Practical tips / technical notes
- If Zero Page’s port crashes or behaves poorly, try a different C64 motherboard revision — some boards handle VSSP better than others.
- Devices like the Commodore 64 Ultimate are designed to be VSSP‑safe.
- Enabling turbo/accelerator mode (if available) makes the port behave almost identically to the NES original.
- The port intentionally preserves original NES timing and bugs; oddities are not necessarily bugs in the C64 implementation but come from the reused NES logic.
Legal / distribution history
- Rainbow Arts asked Nintendo for an official PC port; Nintendo refused.
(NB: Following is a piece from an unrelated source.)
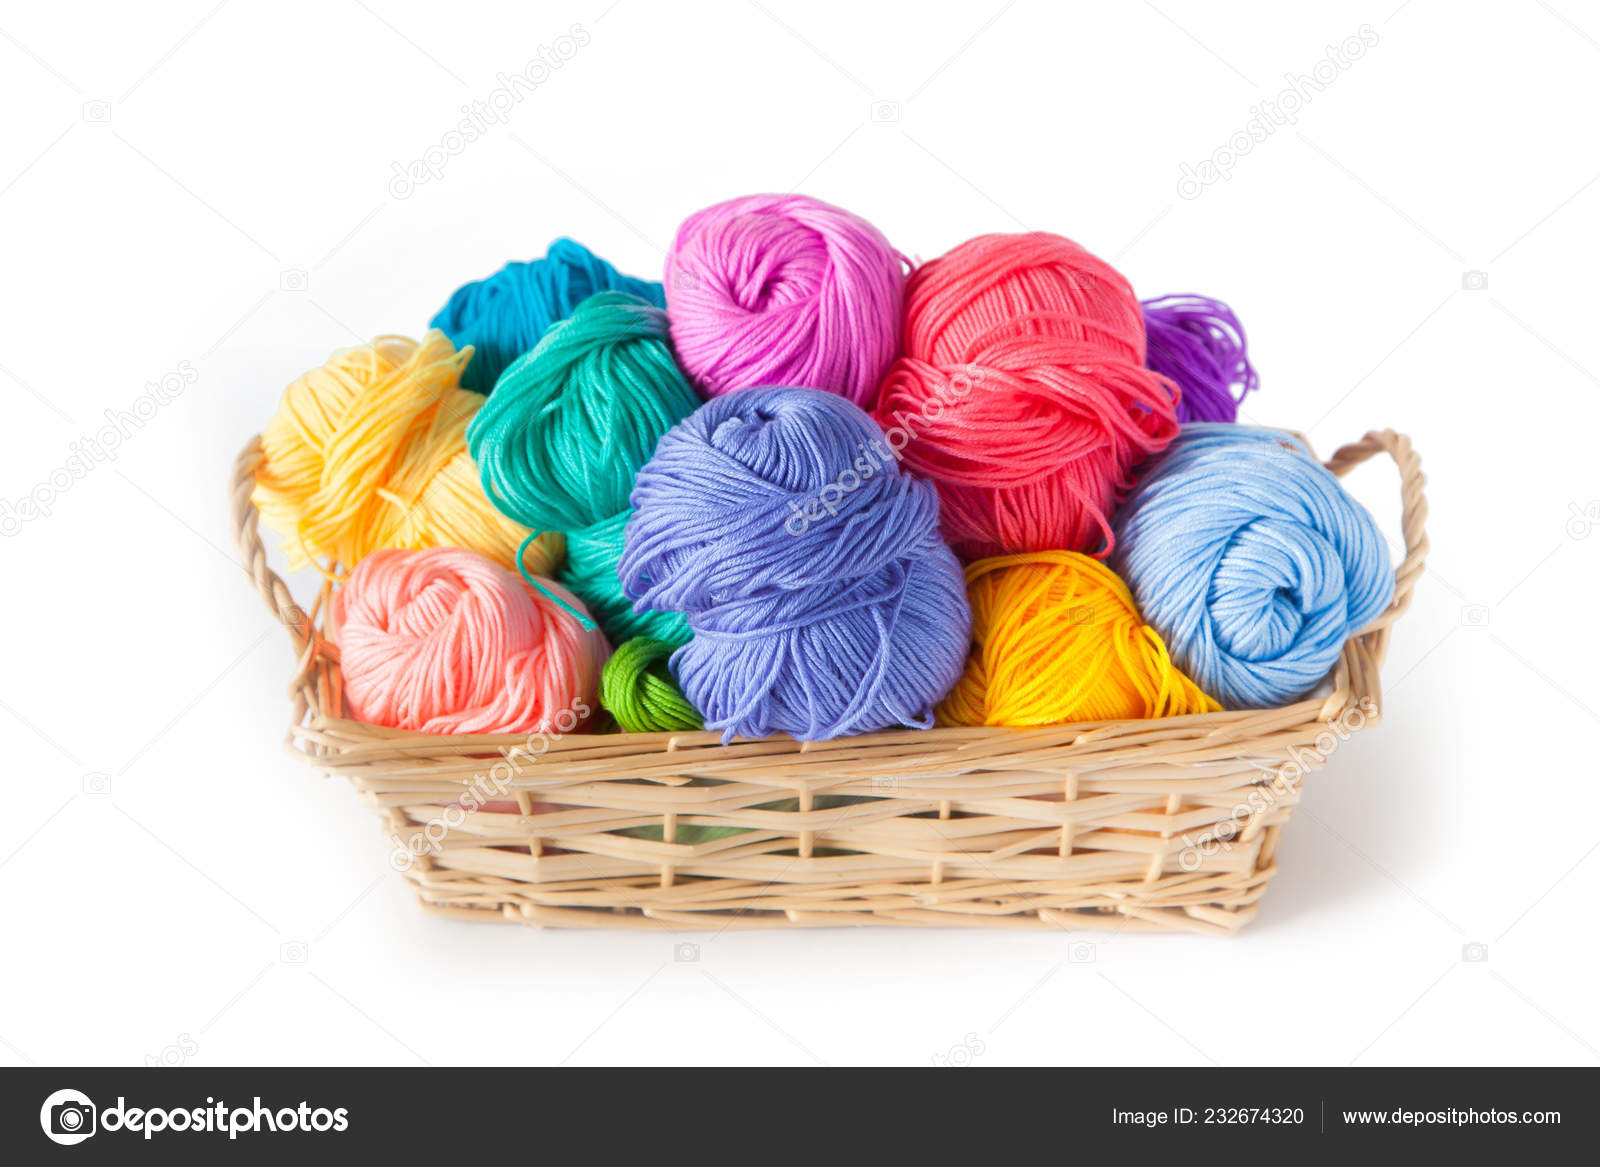 Yarns in Basket with Crochet Hooks in Harmonious Colors. Knitting, Crocheting  Supplies. Stock Image - Image of color, cotton: 116779833

Rainbow Arts then commissioned an in‑house Mario‑like title (The Great Giana Sisters).
- Nintendo pressured Rainbow Arts; while there appears to have been no widely publicized formal lawsuit, Nintendo’s intervention led to the game being pulled from shelves and planned ports cancelled.
- Giana circulated widely via piracy and later became highly collectible.
- Zero Page’s 2019 direct port was quickly subject to a DMCA takedown by Nintendo and removed from distribution.
Notable names, people and sources
- Publishers / developers:
- Rainbow Arts (publisher)
- Time Warp (developer team credited for The Great Giana Sisters)
- Zero Page / Zeropage / “Zero Pages” (developer of the 2019 C64 port; subtitles and credits vary)
- Individuals (subtitle spellings vary):
- Chris Hülsbeck / Chris Hullsbeck (composer)
- Mark Olrich (Rainbow Arts CEO in subtitles)
- Armen Gassay (subtitle spelling)
- Manfred Tren (subtitle spelling)
- Press and distributors:
- US Gold (UK distributor / box tagline reference)
- Zap 64 (UK magazine that reviewed the C64 original)
- Hardware / technical references:
- Commodore 64, VIC‑II, SID, MOS 6502 family (6502/2A03/6510)
- Commodore 128 (2 MHz mode), C64DTV, Turbo Chameleon, Super C64 Accelerator, Commodore 64 Ultimate
- Platforms mentioned: Amiga, Atari ST, ZX Spectrum, Amstrad CPC
Summary
The Great Giana Sisters was a technically impressive, regionally significant Mario‑style platformer for the C64 that earned cult status after being pulled from shelves. Thirty‑two years after its release, Zero Page’s 2019 effort finally produced a faithful NES Super Mario Bros. experience on the C64, demonstrating advanced raster tricks and careful hardware mapping — but distribution was shut down following Nintendo’s DMCA action.